Album Review

Chad W. Lutz
There have always been sidekicks throughout history. Plato had Aristotle. Mickey had Pluto. Batman had Robin. So on and so forth, but seldom do these sidekicks ever make it out of their “better’s” shadow. But on July 13th, 2010, longtime front guitar man for the Foo Fighters, took aim to do just that with the self-titled debut release Chris Shiflett & The Dead Peasants.

Released on RCA records, the new album captures a side of Shiflett few fans have ever seen before. After finding success with the Foo and Irish-punk cover band Me First and the Gimme Gimme’s (which Shiflett has tattooed on the reverse side of his bottom lip) the Santa Barbara native stripped down his sound for the album, relying more on acoustics and organ work giving the album are far more laid back appeal than the supercharged rock and roll he’s been known for.
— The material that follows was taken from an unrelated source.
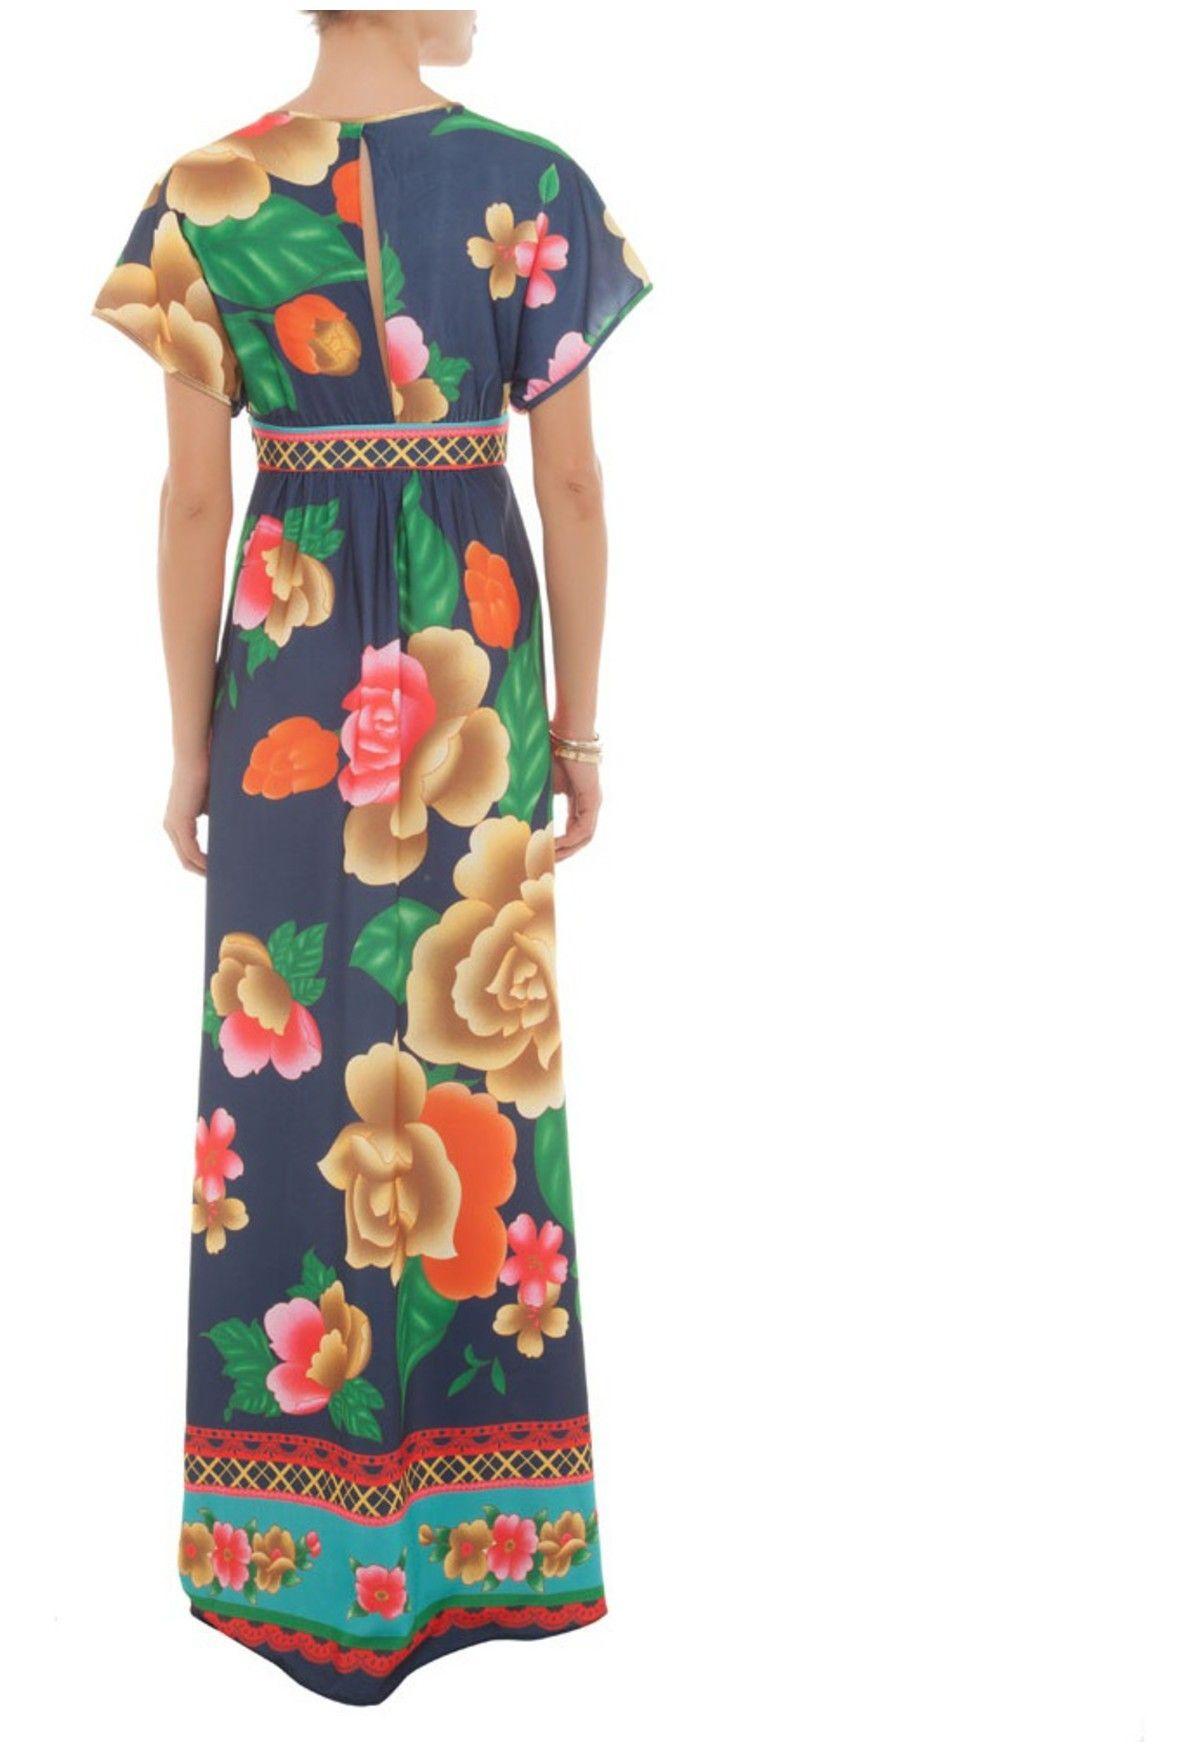 cdb3390e1 FARM - Vestido longo floral - azul e verde - OQVestir
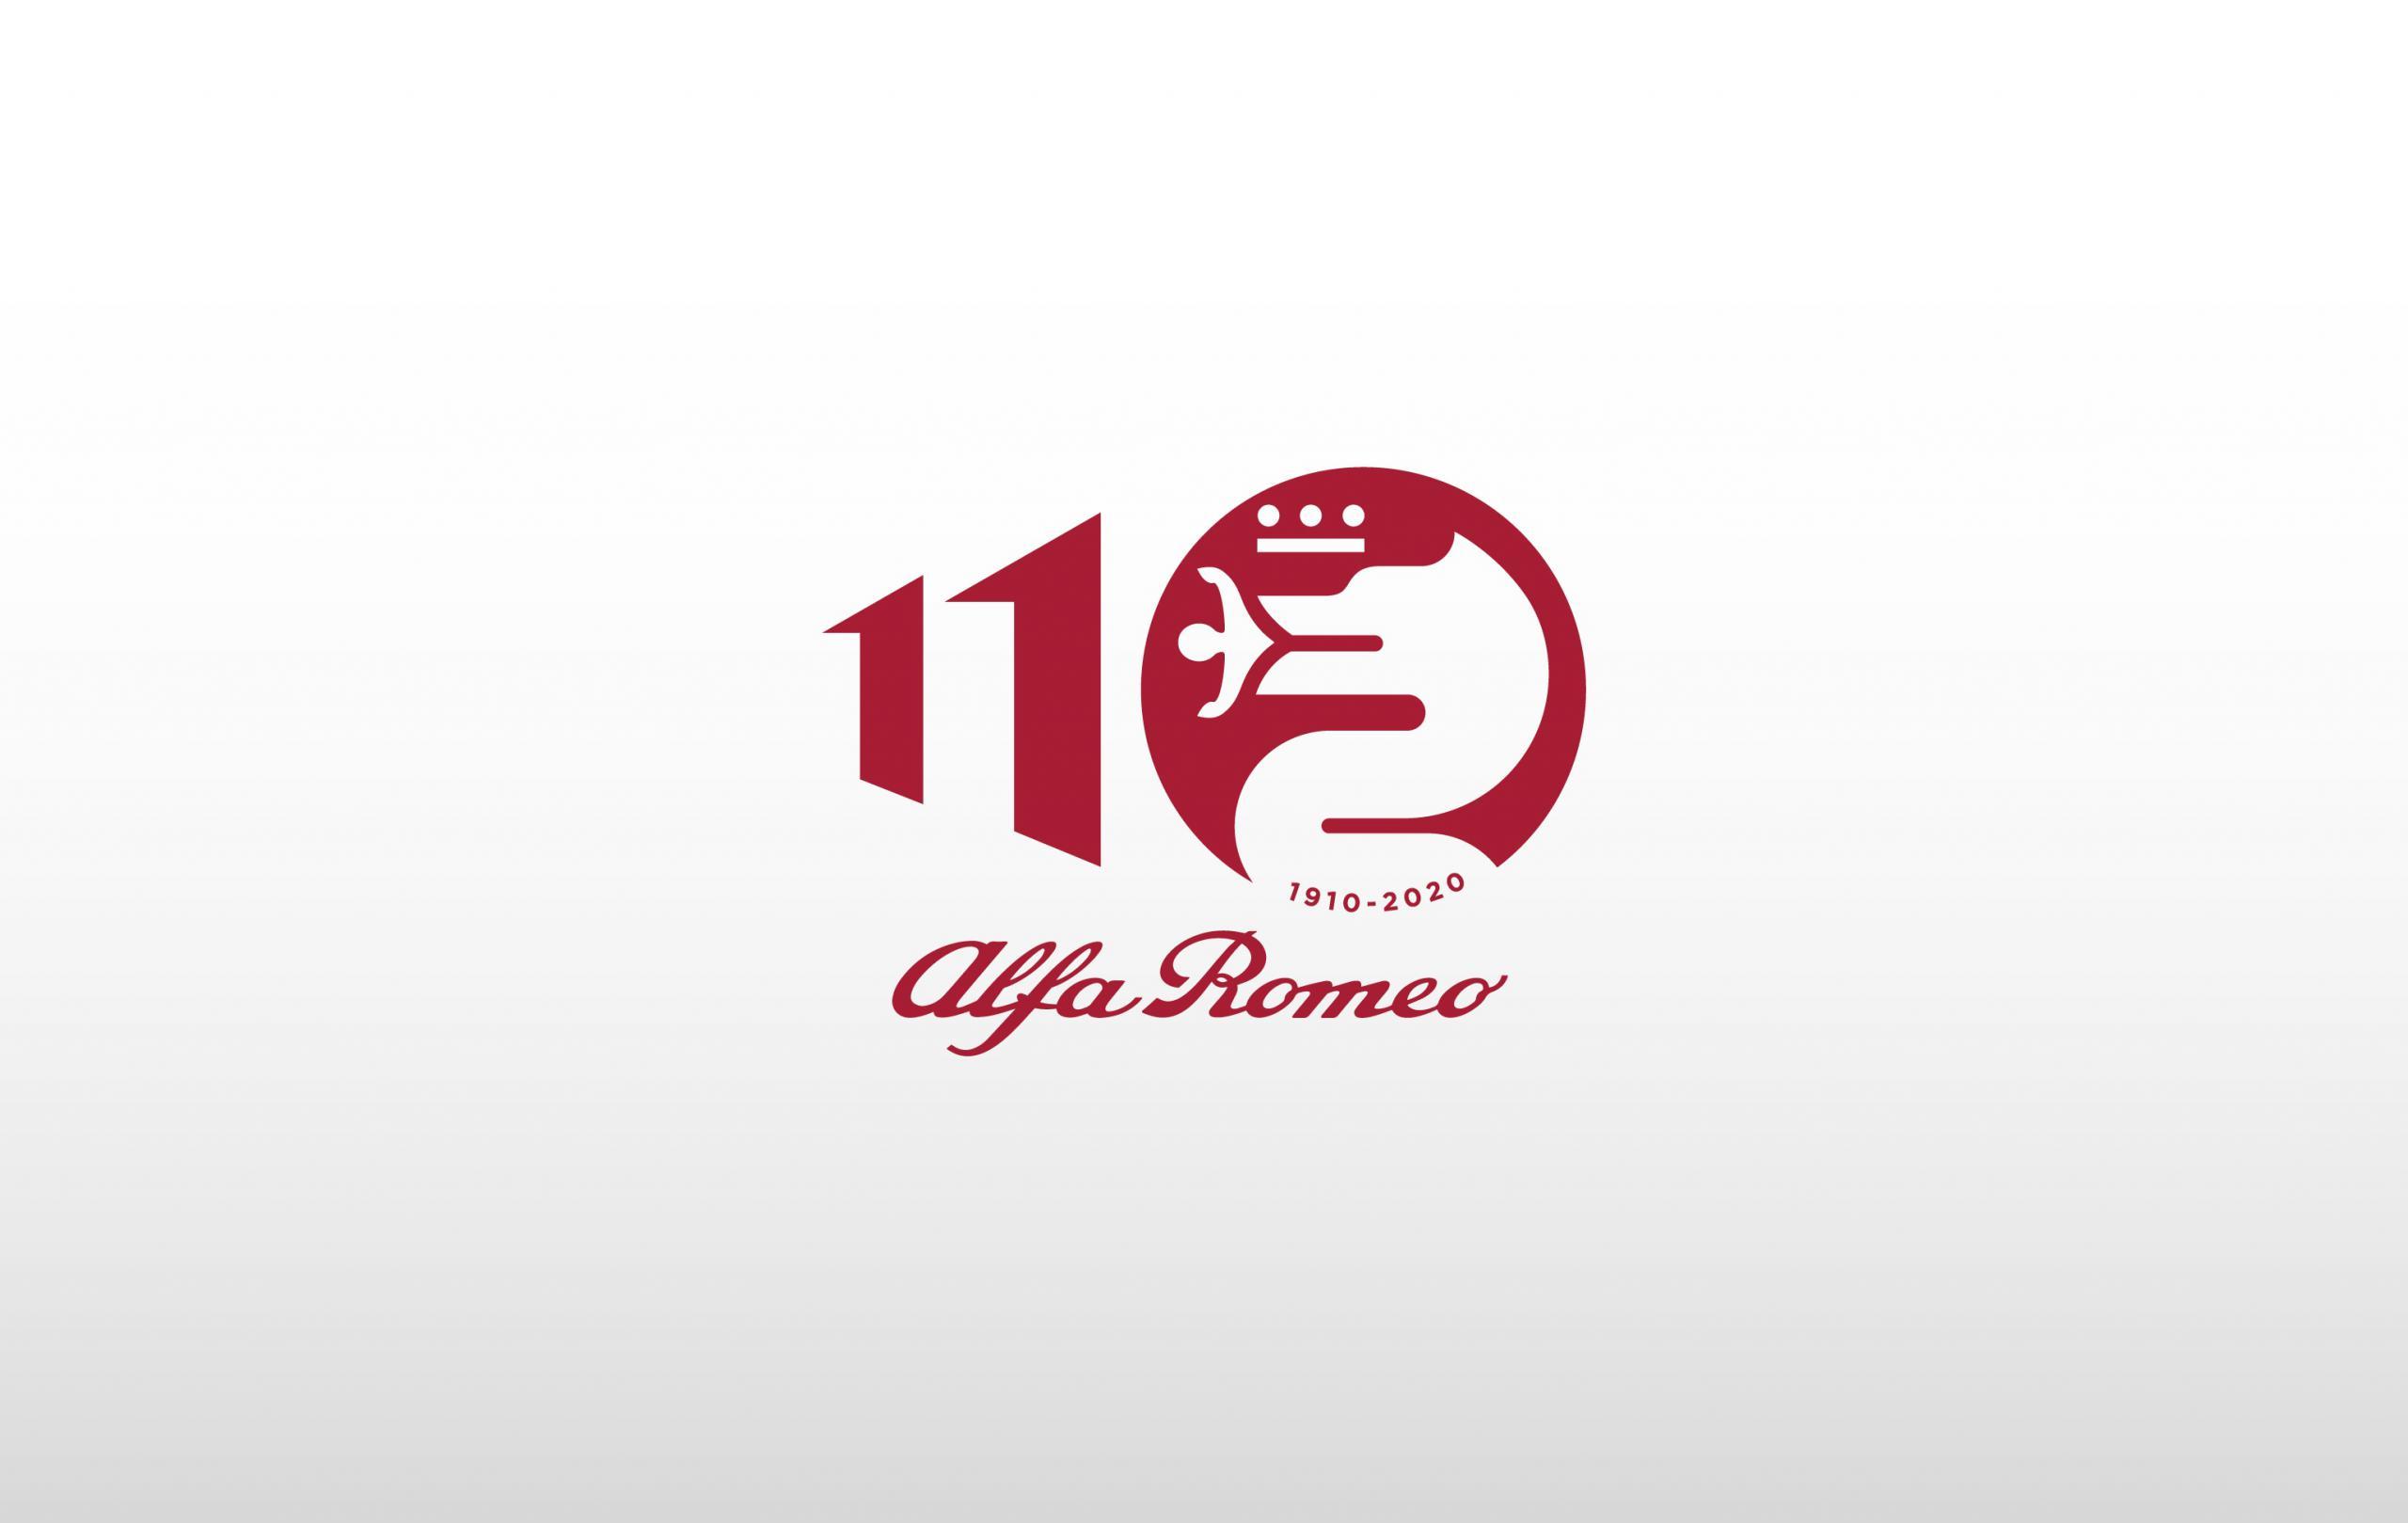 Alfa Romeo - 110 godina

From beginning to end, the album is an Eagles’ paradise, featuring the acoustic guitar prominently on most of its nine tracks, interlaced with classic guitar riffs, sinister slide, melodic organ work reminiscent of Gregg Allman, and bass lines that take the wheel. Songs like “Death March,” (2:40), “God Damn,” (4:21), and “Bandaged,” (4:16) showcase The Peasants use of slide to create a more laid back, driving-down-a-dirt-highway-with-the-sun-in-your-face feel that comes to mind as the album plays out.

The self-titled album plays just shy of forty-five minutes, featuring track lengths that range from the rocking blues riffed “An Atheist’s Prayer,” (5:02), to the boisterous blues pledge that The Peasants, “can break this mold,” in the short-but-sweet “Not Going Down Alone,” (2:18).

It seems that Chris Shiflett and his band of Dead Peasants (Derek Silverman and John Lousteau), are trying to break away from the “mold” fame has cast for them up until now. Lyrics like, “you don’t have to live like this,” and, “It’s true I don’t need you,” deal with the surly issues of loss and moving on. But the music offers hope in the sense that Chris Shiflett should no longer worry about a certain someone we’ll just refer to as Grohl. With memorable tag lines, thought-provoking lyrics, and just as memorable riffs, Chris Shiflett & The Dead Peasants sounds nothing like his prefaced punk/pop music and offers listeners both new and old something different, something fresh, something new to latch onto, and definitely sets the “Peasants” aside from the “King.”